Наследники Фауста (СИ) - Клещенко Елена Владимировна. Страница 18
Сама Янка при солнечном свете была весела, как птичка. Красота, вдобавок к чужому говору, не позволяла ей рассчитывать на доброту других паломников и особенно паломниц. Надеюсь, она не понимала тех слов, что шептали женщины за ее спиной, но самый тон этого змеиного шипения… Однако Янка только взглядывала на меня своими удивительными глазами, точно спрашивая: за что они злятся, если я не хочу ничего плохого? — и тут же, как ни в чем не бывало, улыбалась. Поистине каменное сердце надо было иметь, чтобы не улыбнуться в ответ! И завидовать такой красоте казалось мне кощунством и бессмыслицей, все равно что завидовать розе или Святой Деве на расписном алтаре. К тому же польская девочка была совсем юной, много, если шестнадцать ей было. Но при этом она заботилась обо мне (чего не делал никто в мире), будто старшая о младшей. Что ни ест — оглядывается на меня, ем ли я. То поправит на мне покрывало, то вечером отберет гребень и со смехом примется расчесывать мою косу. Подобных нежностей у меня ни с кем не водилось, и я не знала, то ли мне расплакаться, то ли ответить лаской на ласку, — но это у меня не выходило.

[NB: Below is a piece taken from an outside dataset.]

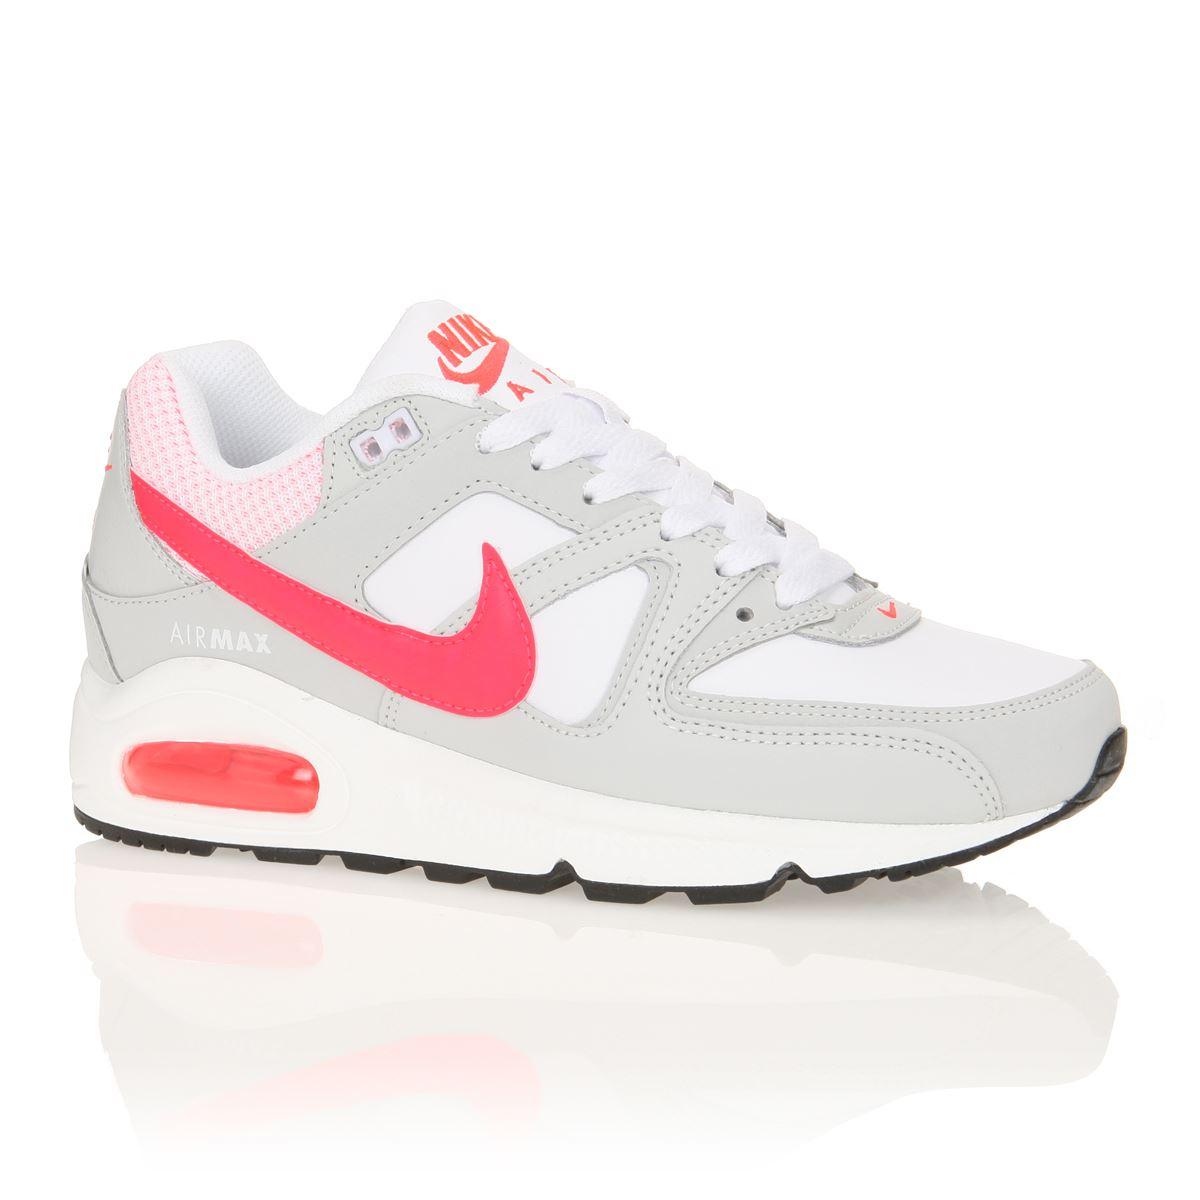 16811c596a Achat   Vente produits Nike Air Max Command Femme

В один из дней пути случилось то, чему я сперва обрадовалась, так как более всех остальных козней дьявола боялась одного: повторить судьбу моей матери, оказаться девицей с ребенком. Радоваться, однако, пришлось недолго. Мне и прежде не случалось проводить дни очищения в постели, но не случалось и шагать круглые сутки, наравне со здоровыми и усердными спутниками. Меня мучили боли и бил озноб, башмаки запинались за каждый камушек, я шла как слепая и только приговаривала себе: да, конечно, немыслимо так идти до самого вечера, но ведь и не придется, может быть, мы остановимся раньше, а если нет, то я скажу им, что мне дурно, не бросят же одну на обочине дороги, хоть кто-то останется со мной, вот до той часовенки, а там и скажу, если не полегчает… Янка о чем-то пошепталась с матерью, чего-то просила, трясла ее за рукав. Затем они остановились, а потом снова догнали нас, и Янка протянула мне горсть каких-то сушеных листьев, показав, что я должна их жевать. Я послушалась, ни о чем не спрашивая, она же крепко взяла меня под руку, подставив плечо для опоры. Долго ли, коротко ли, муть в глазах расплылась, боли отпустили и я согрелась. Янка кивнула и тут же меня оставила, вернувшись к матери.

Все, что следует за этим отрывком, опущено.